• _What is required_
Can you transcribe every entry word for word, skipping the images?
■ ■ ■ ■
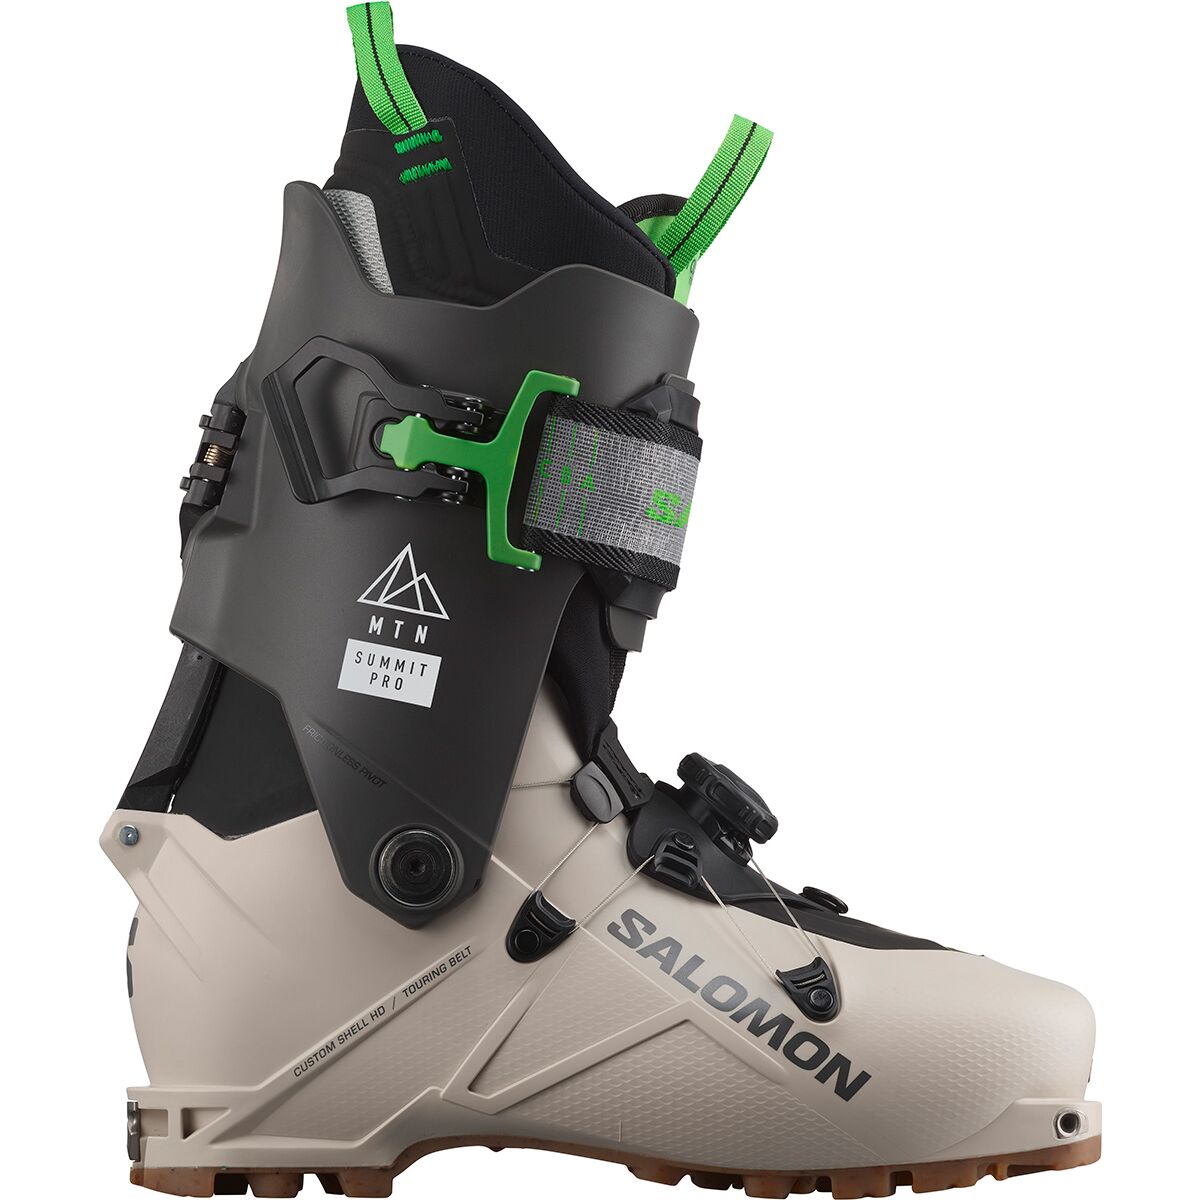 Salomon MTN Summit Pro Touring Boots - 2023
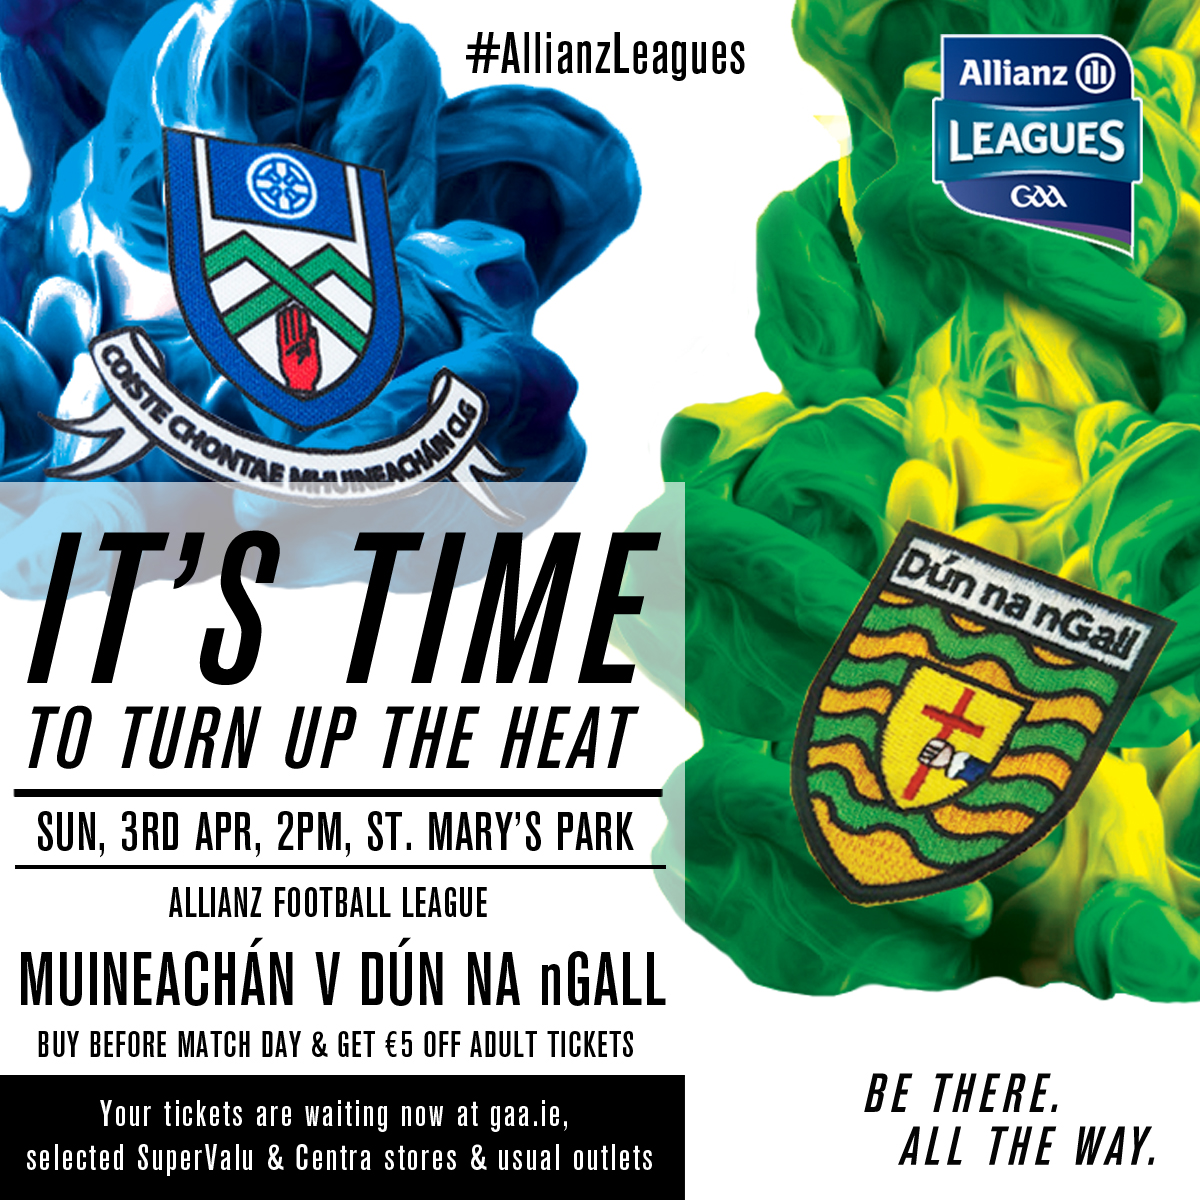 Monaghan v Donegal Ticket Details
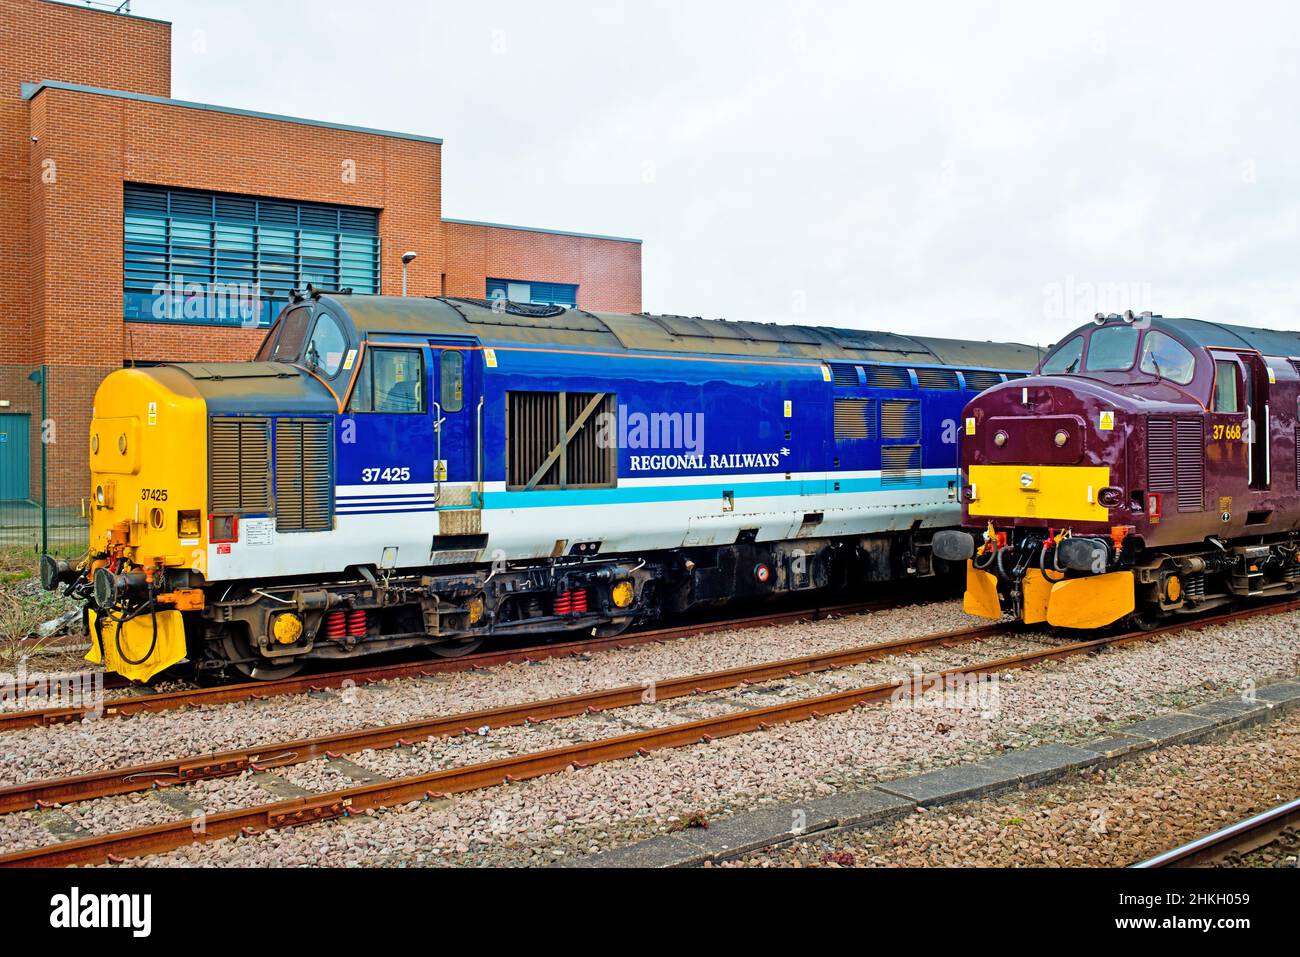 Locomotora de clase 37 425 y locomotora de clase 37668 de los Ferrocarriles Regionales de la Costa Oeste con sistema de estibada en la estación de tren de York, York, Inglaterra Foto de stock
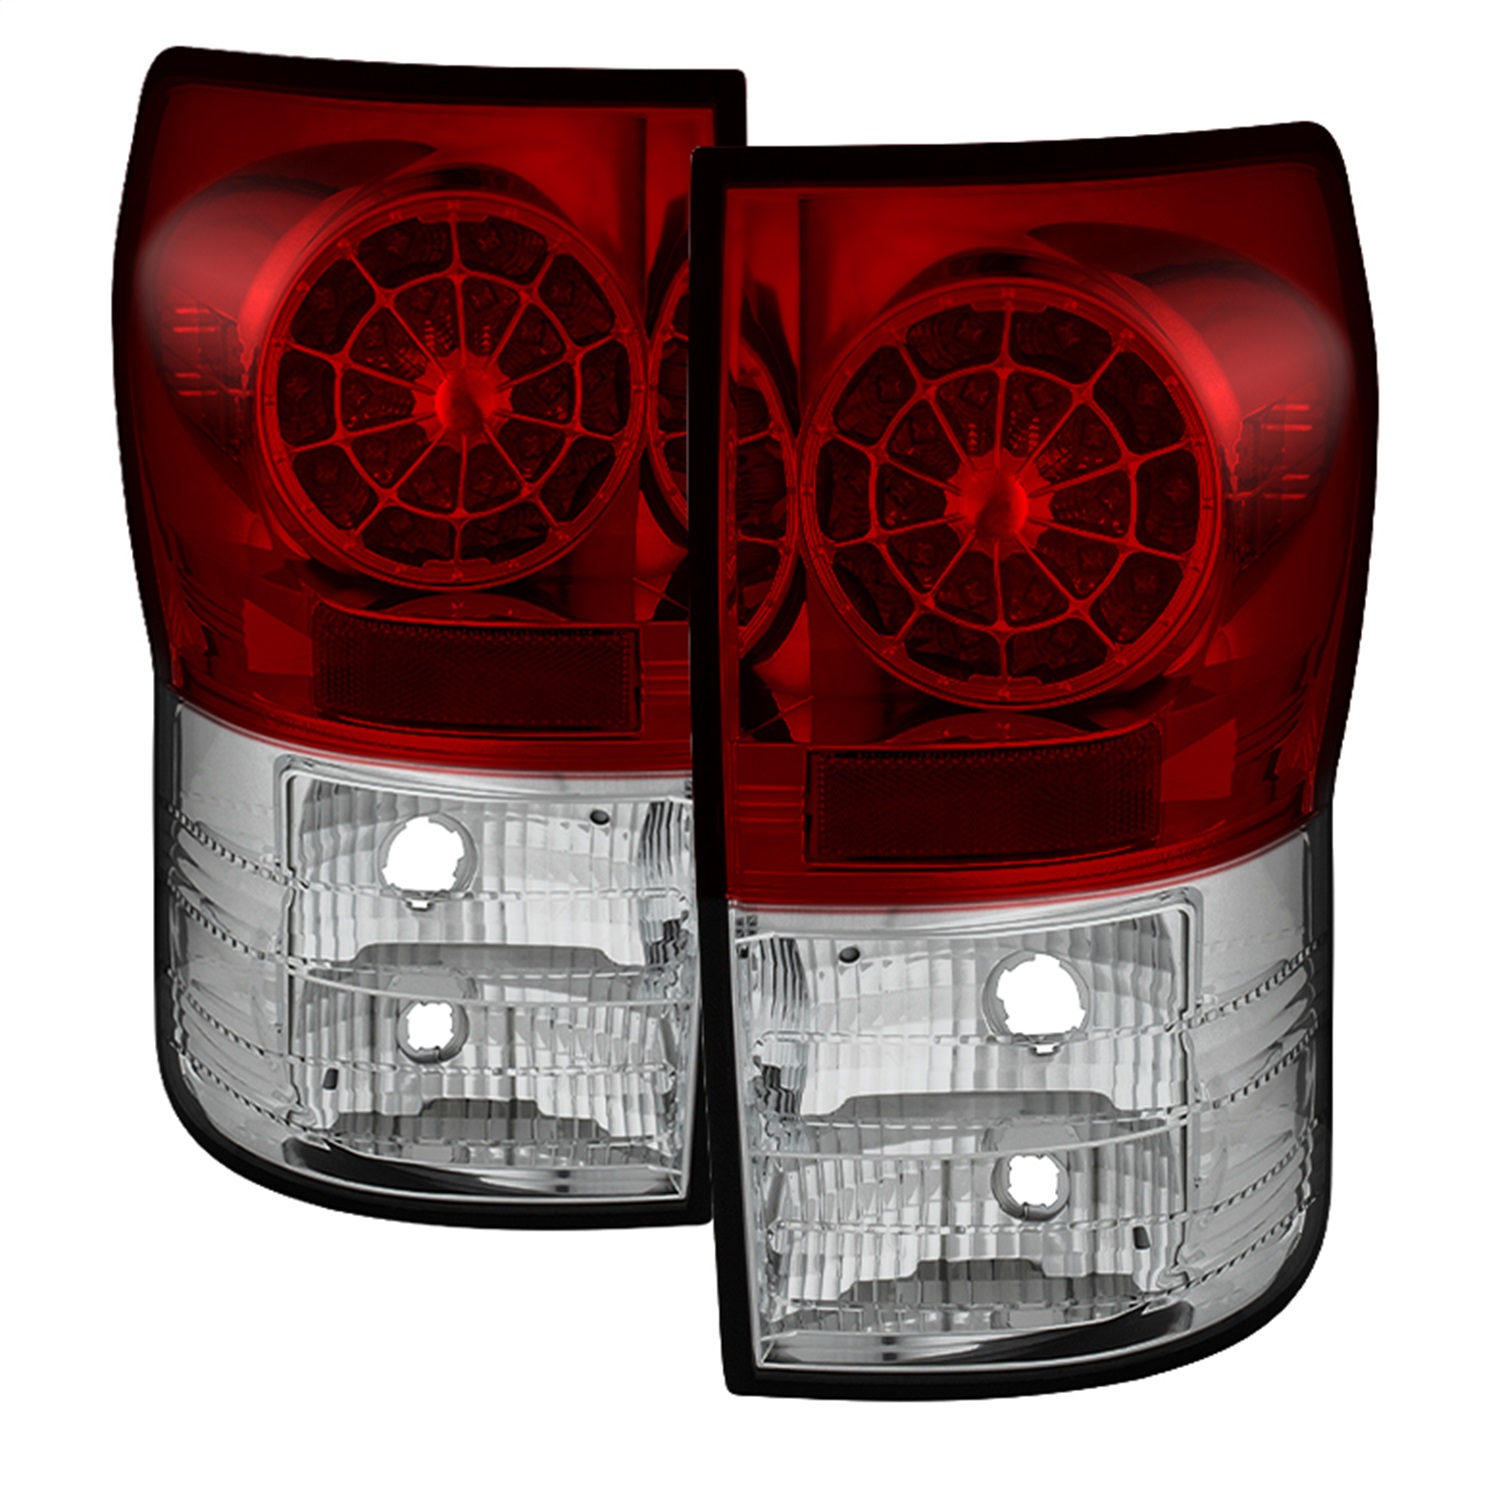 Spyder Auto 5029607 LED Tail Lights Fits 07-13 Tundra
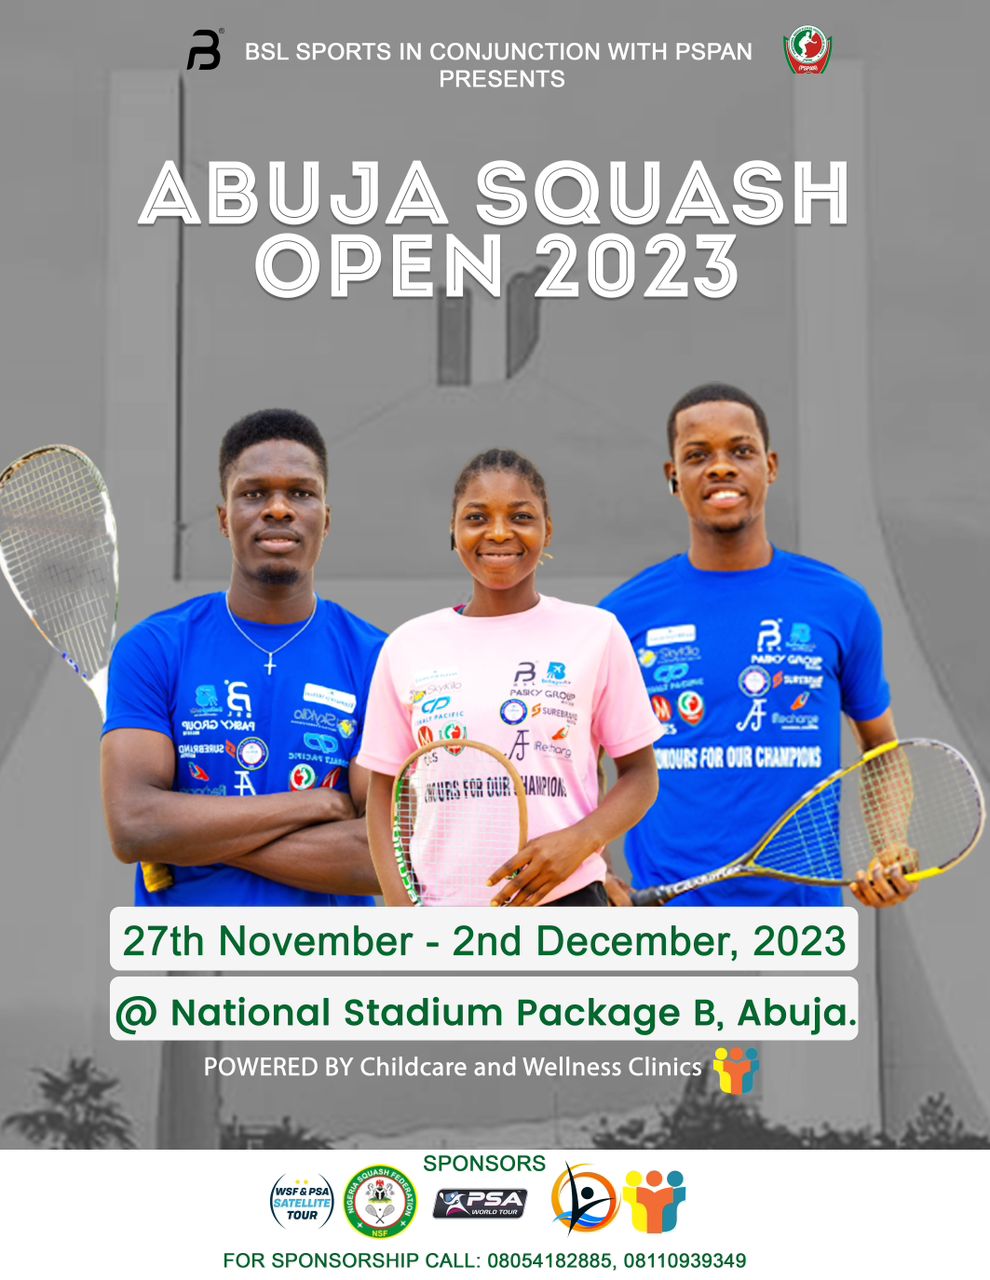 Abuja Squash Open 2023
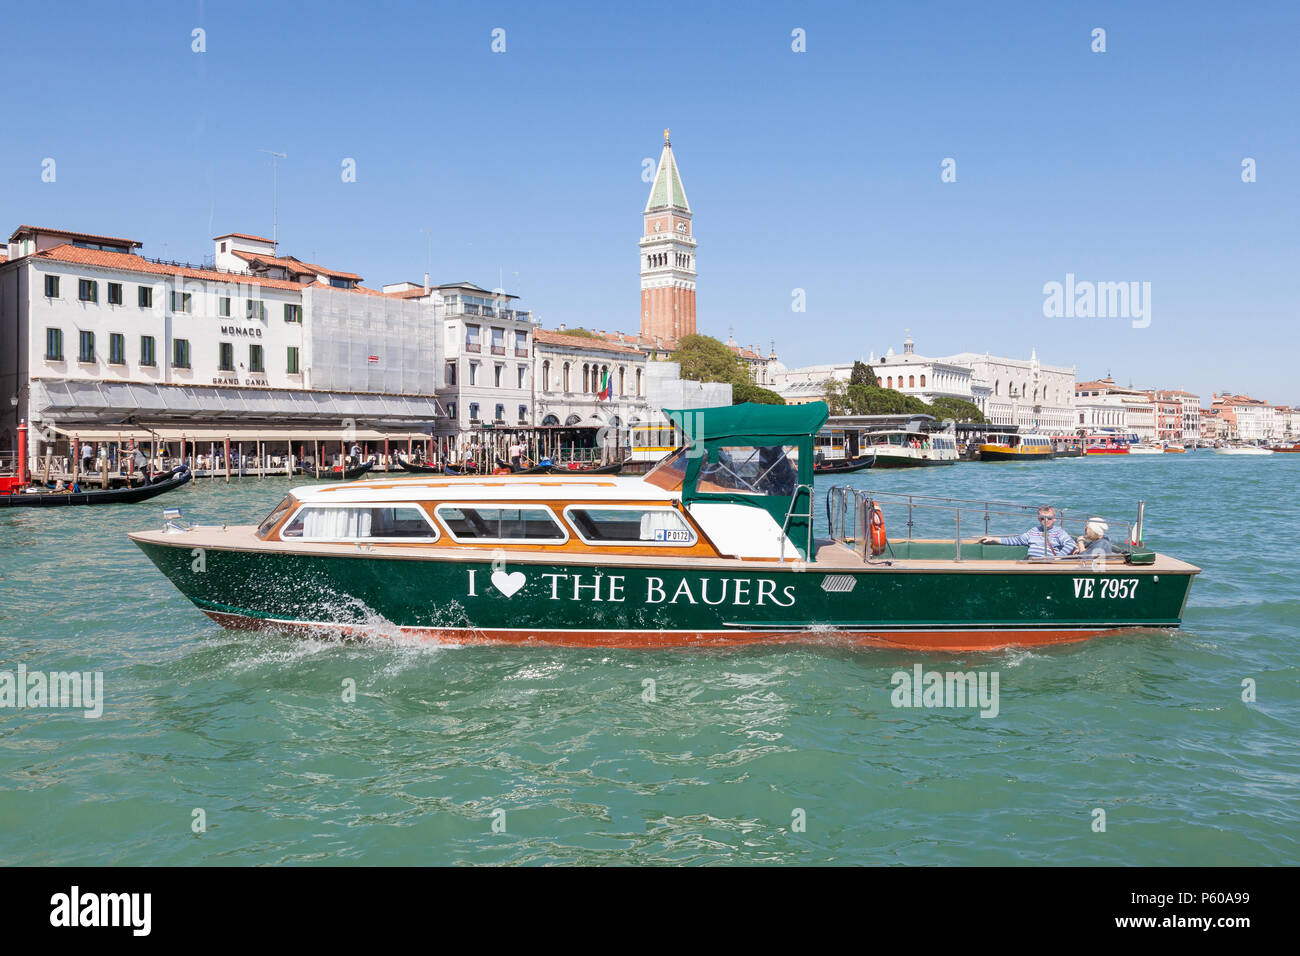 Le taxi d'eau privé Bauer convoyant les clients sur Basino San Marco, Venice, Veneto, Italie. Hôtels de luxe Bauer, bateau, Place St Marc, du bassin, des transports Banque D'Images
■ ■ ■ ■
• _Answer box_
 Salomon MTN Summit Pro Touring Boots - 2023
 Monaghan v Donegal Ticket Details
 Locomotora de clase 37 425 y locomotora de clase 37668 de los Ferrocarriles Regionales de la Costa Oeste con sistema de estibada en la estación de tren de York, York, Inglaterra Foto de stock
 Spyder Auto 5029607 LED Tail Lights Fits 07-13 Tundra
 Abuja Squash Open 2023
 Le taxi d'eau privé Bauer convoyant les clients sur Basino San Marco, Venice, Veneto, Italie. Hôtels de luxe Bauer, bateau, Place St Marc, du bassin, des transports Banque D'Images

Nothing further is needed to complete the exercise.